Laboring women can have whomever they want with them — a doula, their mother, sisters. Their husband can either be in the room with them, or go to the family area, which is often where men go to say Tehillim or daven.

On staff are three doctors and five certified nurse midwives. Each birth is attended by a nurse, an RN, and either a midwife or a doctor. Of course, safety is the number one question, and the birth center has all the medical equipment needed if there’s an emergency, such as a neonatal resuscitation.

We screen out any patient who is at higher risk for emergencies, like women who have had a C-section, or have high blood pressure, or whose baby is breech or is growth restricted or has any kind of issue. They need to give birth in a hospital, so that an operating room is nearby in case an emergency C-section becomes necessary.

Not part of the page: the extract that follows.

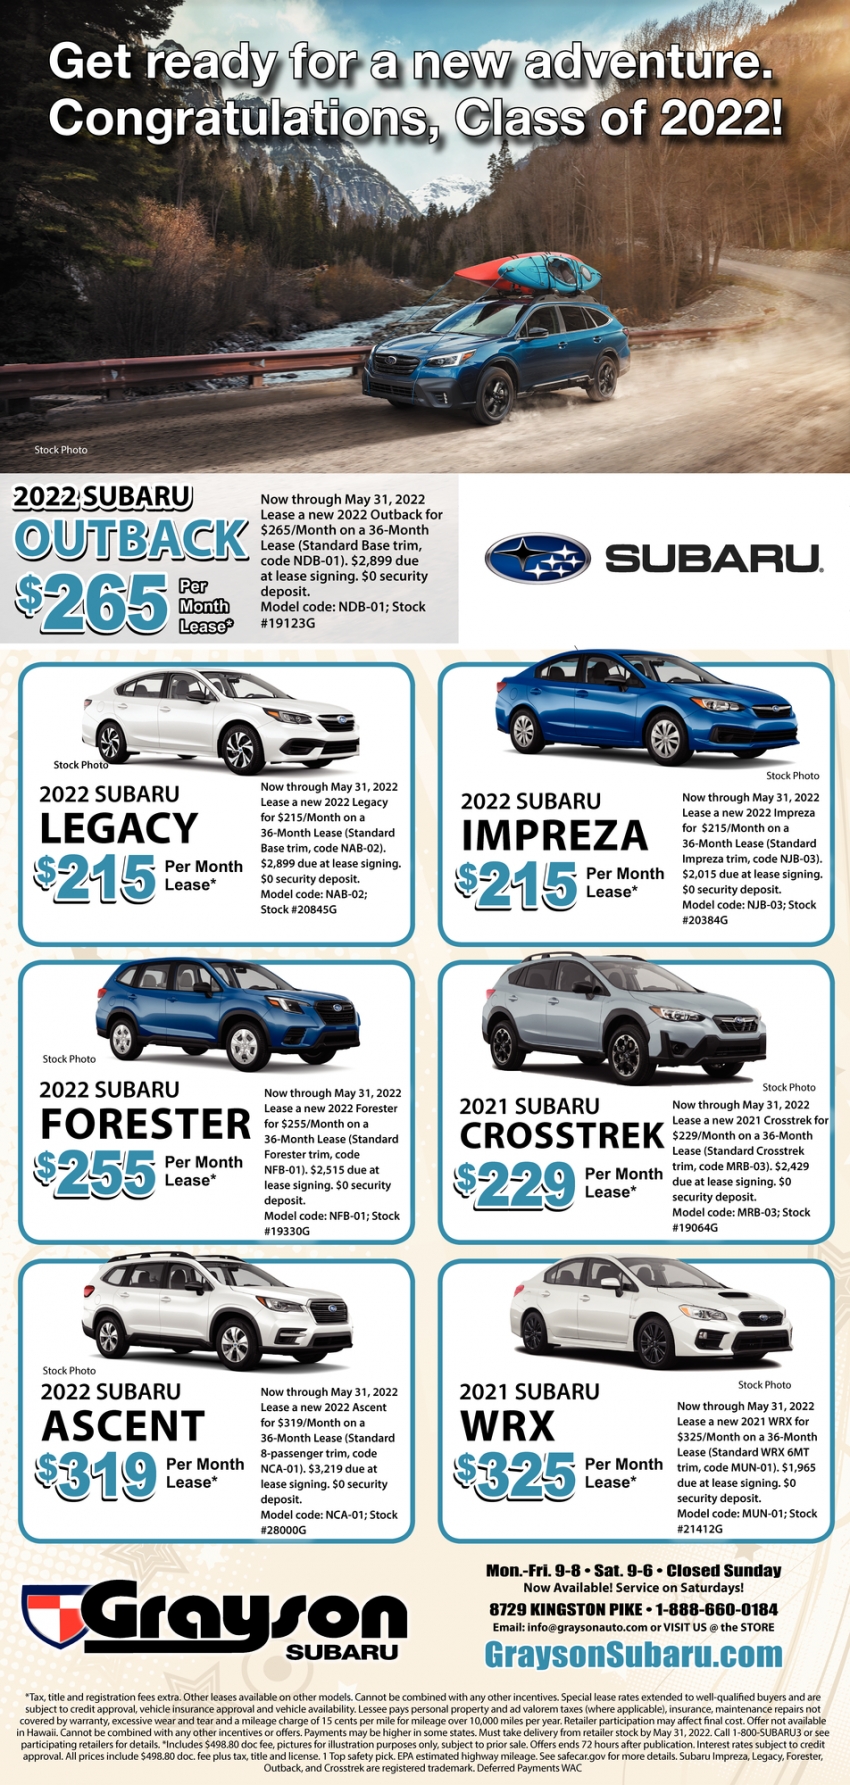 2022 Subaru Outback $265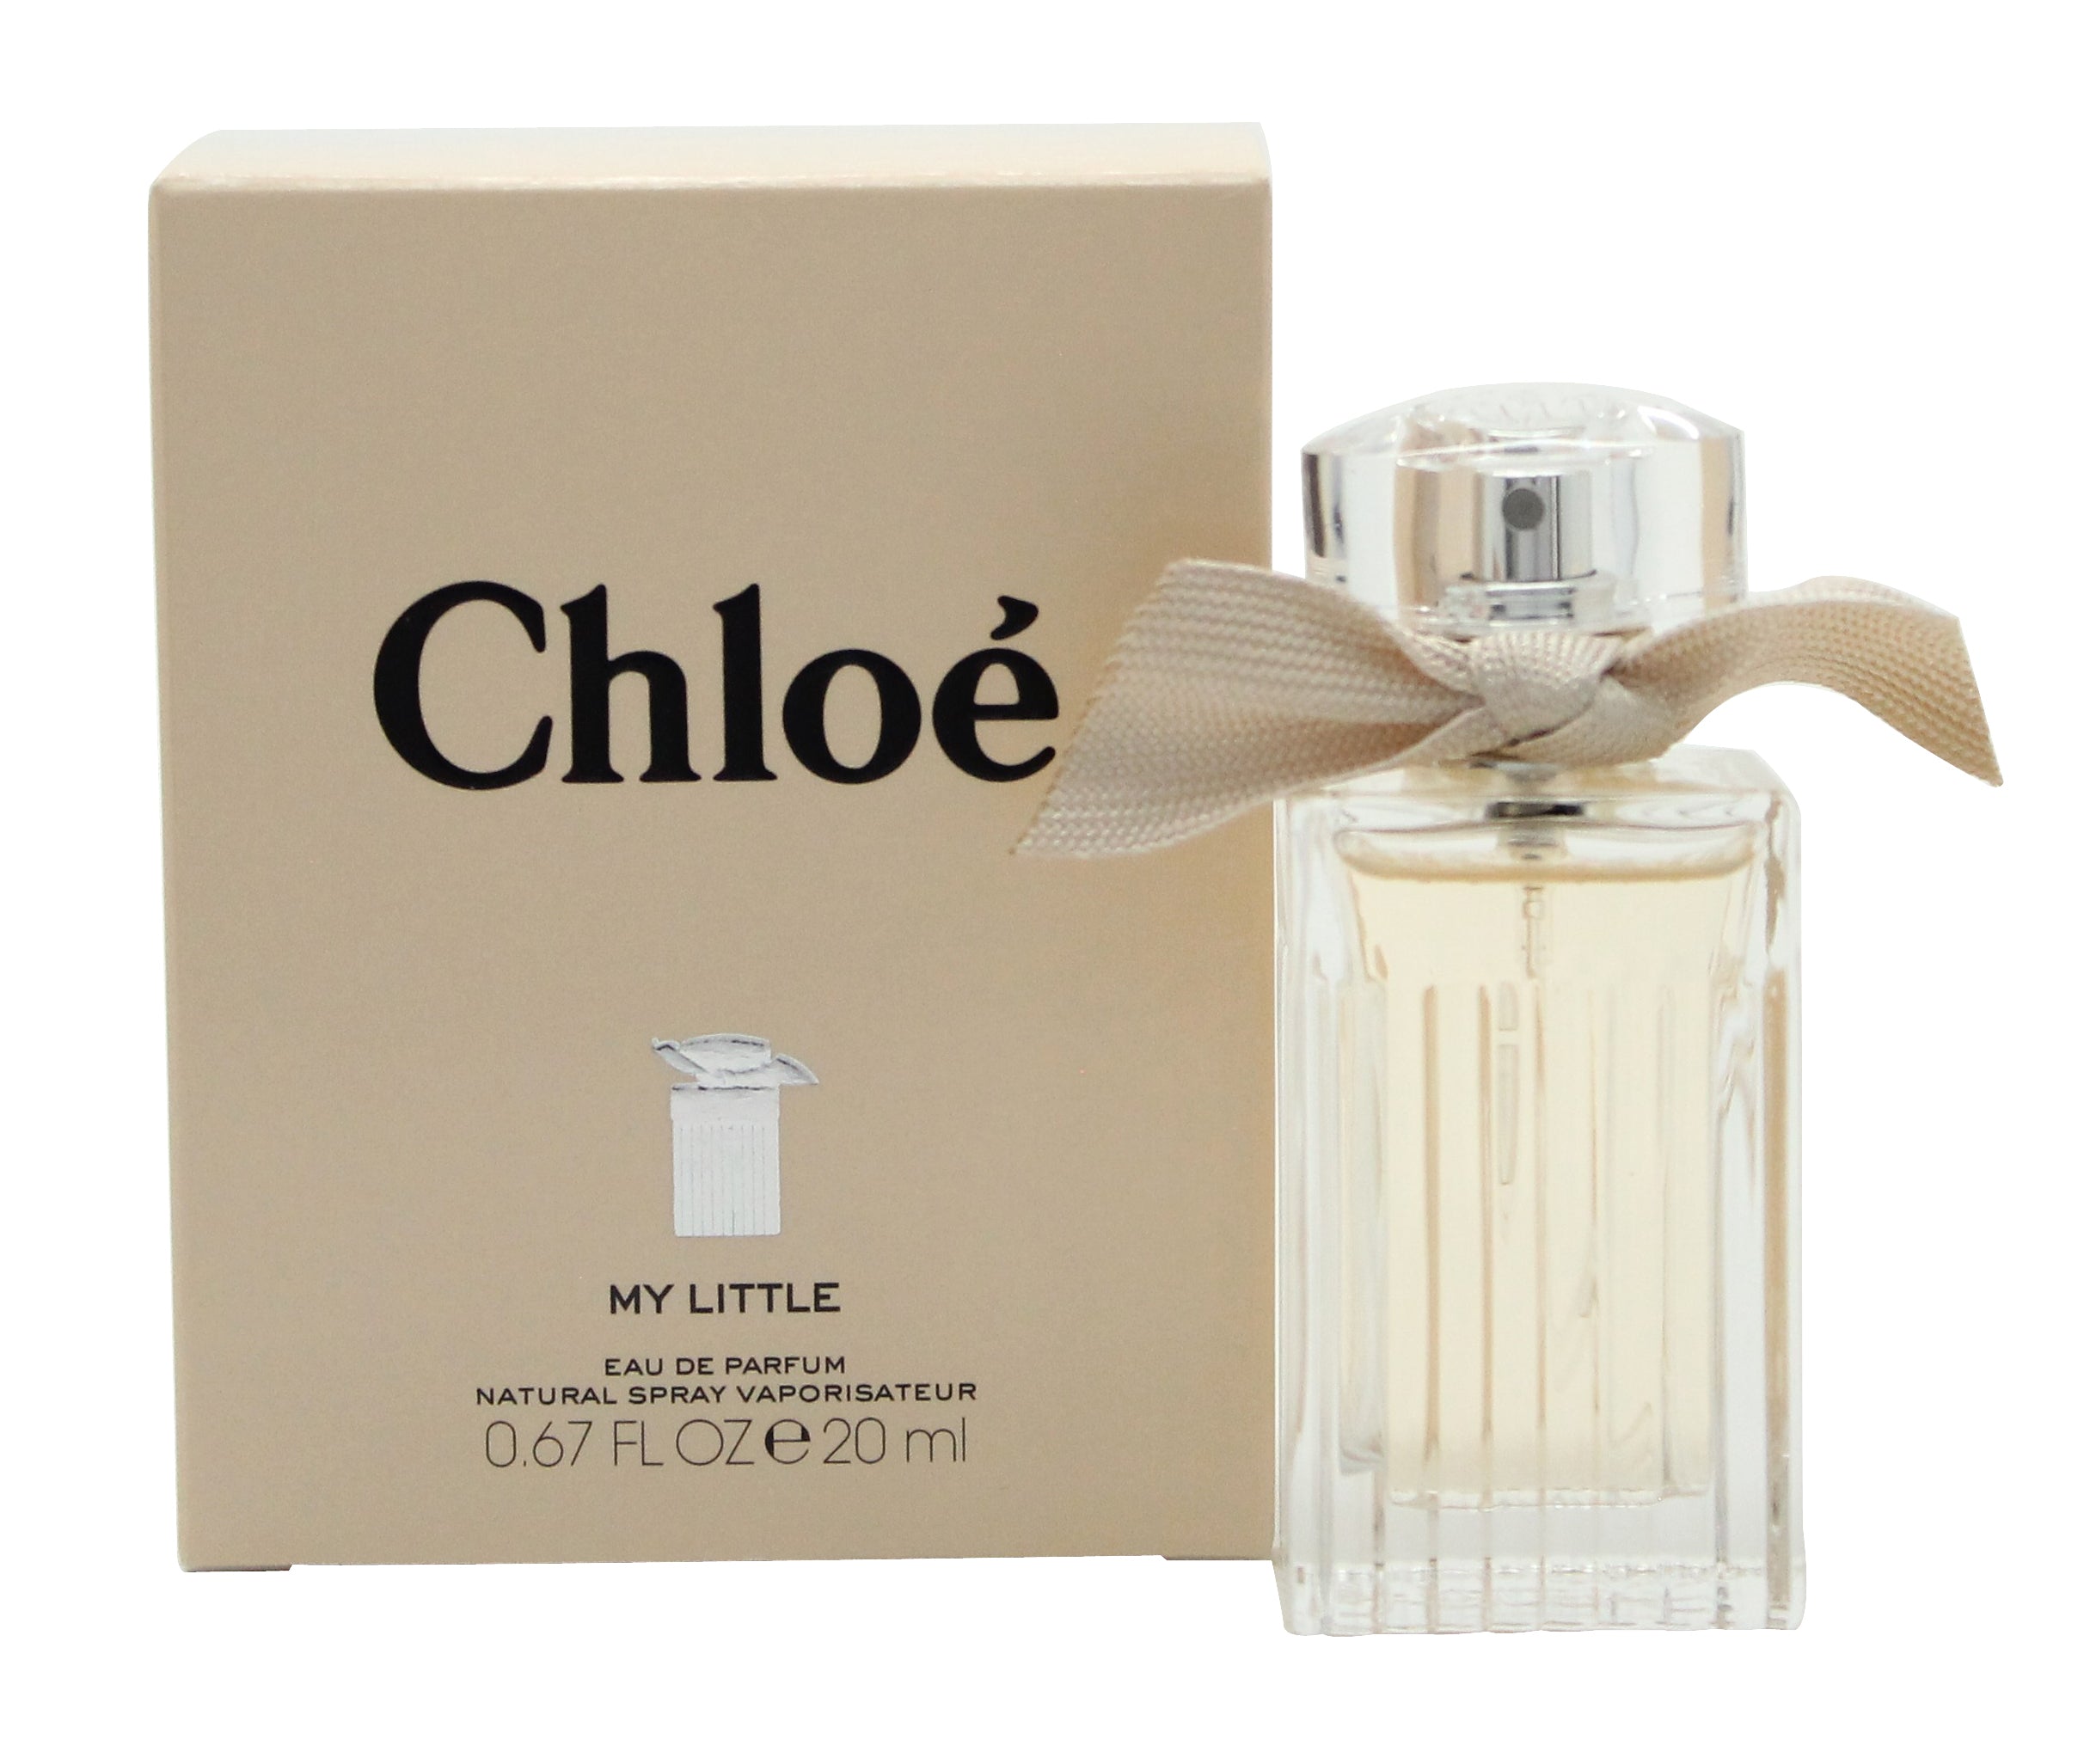 View Chloé Signature Eau de Parfum My Little 20ml Spray information

We’ve had almost 400 babies born in two and a half years. Only one ended in a C-section, and it wasn’t an emergency. That’s a 0. 3 percent C-section rate. So that’s what I tell people: the proof is in the pudding. If you can have almost 400 babies and only one C-section, then you know it’s a safe place.

My favorite part of running the birth center is being at the births. It’s an incredible feeling to see a woman who has just given birth holding her baby and looking at us with an aura of awe saying, “I can’t believe that this just happened. This is nothing like my previous births.”

It’s so calm, it’s so supportive, and the women are so empowered. They can’t wrap their minds around what they just did — without any help, basically. I mean, we’re there to support them, but we’re not telling them what to do. They’re guiding their own labor and their own birth, and they’re so in awe of what they’ve done afterward.

I’ve already had women come back for their second birth at the birth center because they’ve had such an amazing experience with their first one.

 

What’s one thing on your bucket list?

I hope I get to do more traveling. I love to travel. I love to take my family on vacations on a beach, in a house with no people around. That’s how I get my relaxation.

Are you an early bird or a night owl?

Definitely more of a night owl. Although lately I think I’m more of a middle of the day kind of person. I definitely would love to train myself to get up early because I see that people who get up early are more productive, but so far it hasn’t happened.

If you could have a superpower, what would it be?

I don’t know if this qualifies as a superpower, but I’d love to clone myself. I feel pulled in so many directions, and if I could clone myself, I could be so much more effective. I would put one clone at the hospital, one clone at home, and then the real me would be in Florida.